This study aimed to design and validate a semi-quantitative FFQ for assessment of FV consumption in adults residing in the city of Isfahan, Iran, by comparing results with 24 hr recalls and two self reported diet records as the dietary reference method as well as biomarkers including plasma levels of beta-carotene, vitamin C and retinol.

Methods

Subjects: Subjects were recruited from the participants of an ongoing study, the Isfahan Healthy Heart Program (IHHP)2728 who had been selected through cluster random sampling from the Isfahan adult population, and from healthy individuals referred to the Isfahan Cardiovascular Research Center (ICRC) clinic. The study sample included 123 individuals, aged 30-60 years, who were non-diabetic and had no history of CVD, renal, thyroid, hematological, or mental diseases. Smokers, those on special diets, users of vitamin supplements, and pregnant or lactating women were excluded.

Study design: This study was a validation study to design a validated FFQ. The FFQ was completed twice; at the beginning of the study in fall and winter of 2004-2005 (November, December and January) and six months thereafter in spring and summer of 2005 (June, July and August). The total number of samples studied in fall/winter and spring/summer were 123 (64 men and 59 women) and 101 (53 men and 48 women), respectively. Two different seasons were included to allow for seasonal variations in FV intake. The initial FFQ was accompanied by a demographic questionnaire and a 24 hour diet recall which were administered by a trained dietitian. In the same session, the respondents or one of their family members were also trained to complete two self reported diet records in the same week. Additionally, a 10cc fasting blood sample was drawn for determination of biomarkers (beta-carotene, vitamin C and retinol) and for measurement of serum lipids.

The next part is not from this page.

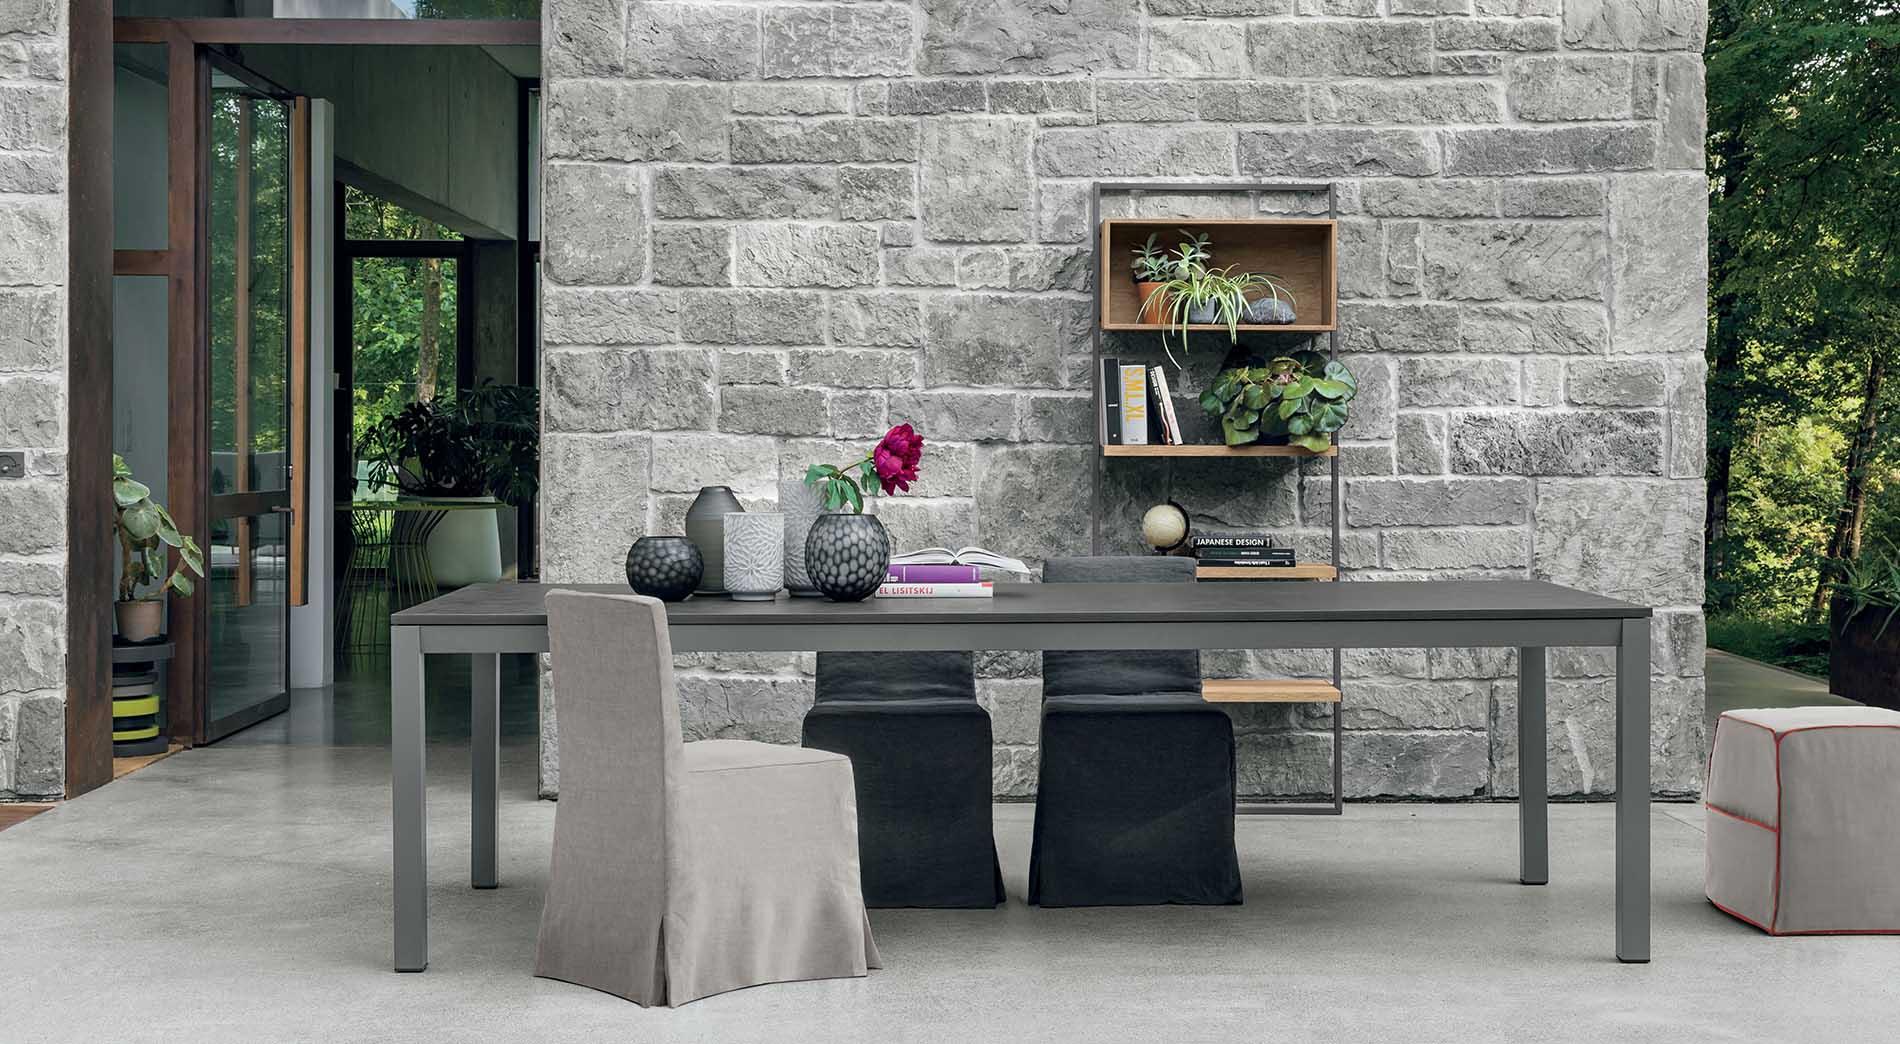 Awesome tavoli allungabili design contemporary for Tavoli outlet design

The study protocol was approved by the ethical committee of the ICRC, which is a member of the Office for Protection of Human Subjects of the US Department of Health and Human Services and by the Research Council of the National Nutrition and Food Technology Research Institute in Iran.

Development of the food frequency questionnaire: A 110-item FFQ was designed to assess usual fruit and vegetable intake. The initial food list was composed of 105 food items which were fruits and vegetables contributing to the diet of people in Isfahan, based on previous dietary studies in the area as well as the results of National Food Consumption Survey of Iran with specific emphasis on Isfahan province.10 Face and content validity of the questionnaire were assessed by an expert panel consisting of 3 nutritionists from National Nutrition and Food Technology Research Institute in Iran. They were the nutritionists who were involved in national dietary survey and were familiar with the dietary habits of different societies in Iran.

To evaluate clarity and comprehensiveness, the FFQ was tested in a pilot study among thirty adults who were not entered in the main study participants and had the same characteristics as the study population. In the pilot study we asked an open question about any other kinds of fruits or vegetables that the participants ate. Based on the result of the pilot study, 5 items including persimmon, pomegranate, fig, tomato paste and okra were added to the initial list. No other major changes were made to the questionnaire.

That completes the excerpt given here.